**WHAT THE TASK REQUIRES**: Repeat the data exactly. Pictures are not part of the copy.

**RECORDED INFORMATION**:
========================================

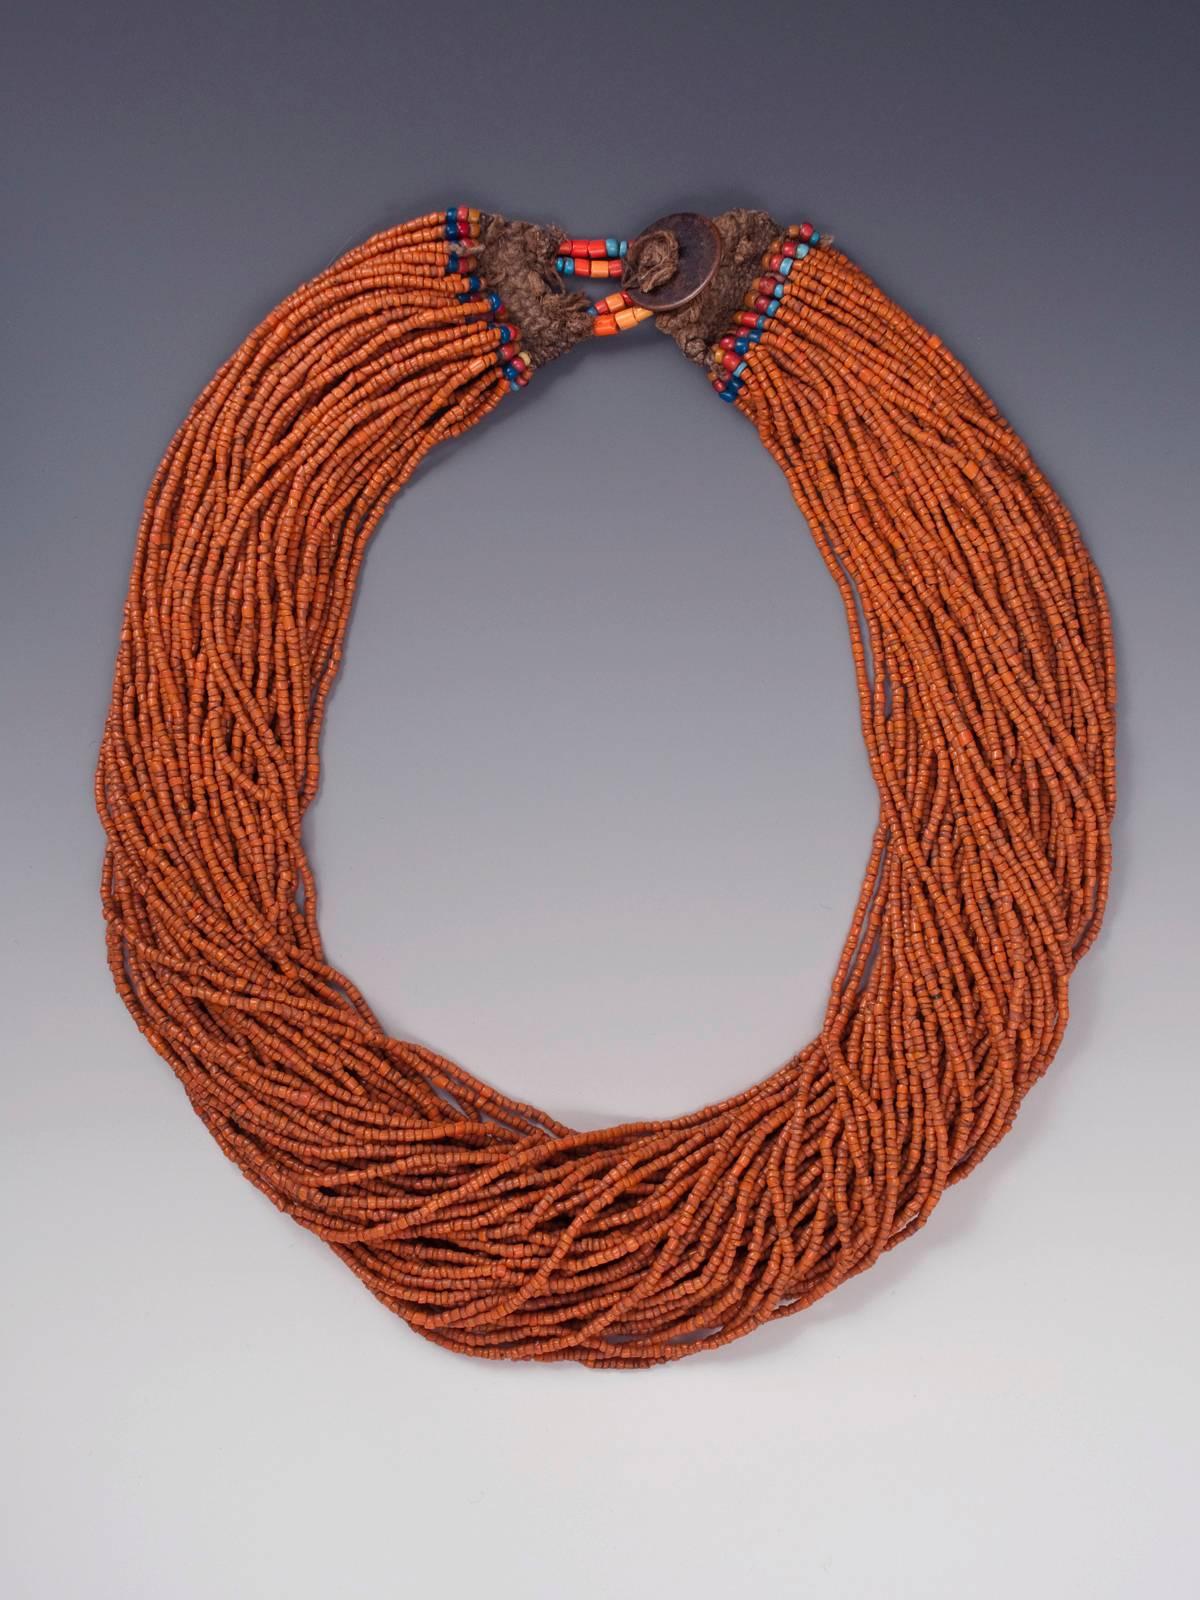 Offered by Zena Kruzick
Early to mid-20th century orange tribal multi-strand beaded Naga necklace, Nagaland, India.
25.5 inches in circumference.
 

========================================

**SOLUTION TO THE PROBLEM**:
 Offered by Zena Kruzick
Early to mid-20th century orange tribal multi-strand beaded Naga necklace, Nagaland, India.
25.5 inches in circumference.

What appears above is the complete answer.